Question on the injectivity of a function.

Question

Consider the map $f\colon\mathbb{S}^1\to\mathbb{S}^1$ defined as $f(z)=z^2$, where $\mathbb{S}^1$ is the unit circle, $$\mathbb{S}^1=\{z\in\mathbb{C}:|z|=1\}.$$ On $\mathbb{S}^1$ we define the following equivalence relation $$x\sim y\quad\iff\quad x=y\;\text{or}\;x=-y.$$ Consider the map $\overline{f}\colon\mathbb{S}^n/\sim\to\mathbb{S}^1$ defined as $\overline{f}\big([z]\big)=f(z)$, for $z\in\mathbb{S}^1.$

Question. Is the map $\overline{f}$ injective?

---

My attempt. Yes. Indeed given $z_1,z_2\in\mathbb{S}^1$, if $\overline{f}\big([z_1]\big)=\overline{f}\big([z_2]\big)$, then $f(z_1)=f(z_2)$, so $z_1^2=z_2^2,$ therefore $z_1=\pm z_2$ and then $z_1\sim z_2$, then $[z_1]=[z_2].$ It's correct?

Thanks!

Answer 1

More generally, suppose $f\colon X\to Y$ is a map.

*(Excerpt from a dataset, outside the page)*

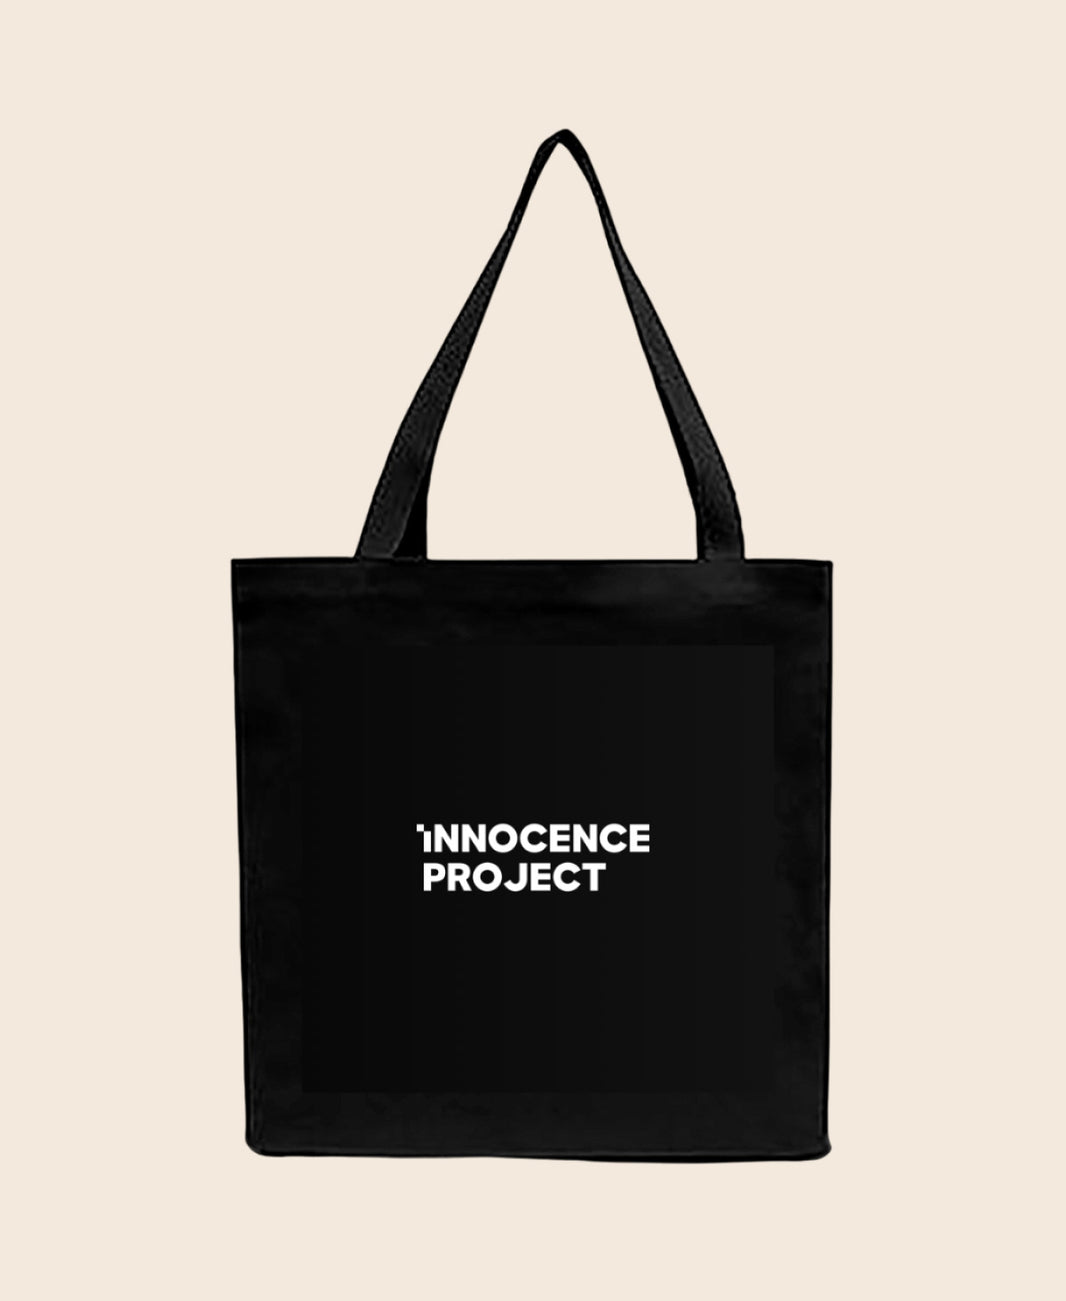 Innocence Project Shop – SHOP for the Innocence Project

Define, for $a,b\in X$, $$ a\sim_f b\qquad\text{for}\qquad f(a)=f(b) $$ Then $\sim_f$ is clearly an equivalence relation and the map $$ \bar{f}\colon X/{\sim_f}\to Y,\qquad \bar{f}([a]_{\sim_f})=f(a) $$ is well defined and injective, because $[a]_{\sim_f}=[b]_{\sim_f}$ if and only if $f(a)=f(b)$.

Your case is with $X=Y=\mathbb{S}^1$ and $f(z)=z^2$.

Answer 2

Yes, you're correct. In fact, when we're showing $\overline{f}$ is well defined its injectivity naturally appears: for $z_1,z_2\in\mathbb{S}^1$ \begin{align*} [z_1]=[z_2] & \iff z_1=\pm z_2 \\ & \iff z_1^2 =z_2^2 \\ & \iff f(z_1)=f(z_2) \\ & \iff \overline{f}([z_1])=\overline{f}([z_2]) \end{align*}

Answer 3

Yes, you are correct.

Generally speaking every time you have a function $$ \phi:A\longrightarrow B $$ between sets and you set up an equivalence relation in $A$ as $$ a_1\sim a_2\Longleftrightarrow\phi(a_1)=\phi(a_2), $$ i.e. the equivalence relation whose equivalence classes are the nonempty counterimages $\phi^{-1}(b)$, $b\in B$, the quotient function $$ \overline\phi:A/\sim\ \longrightarrow B $$ is always injective (and in fact an isomorphism if $\phi$ is surjective).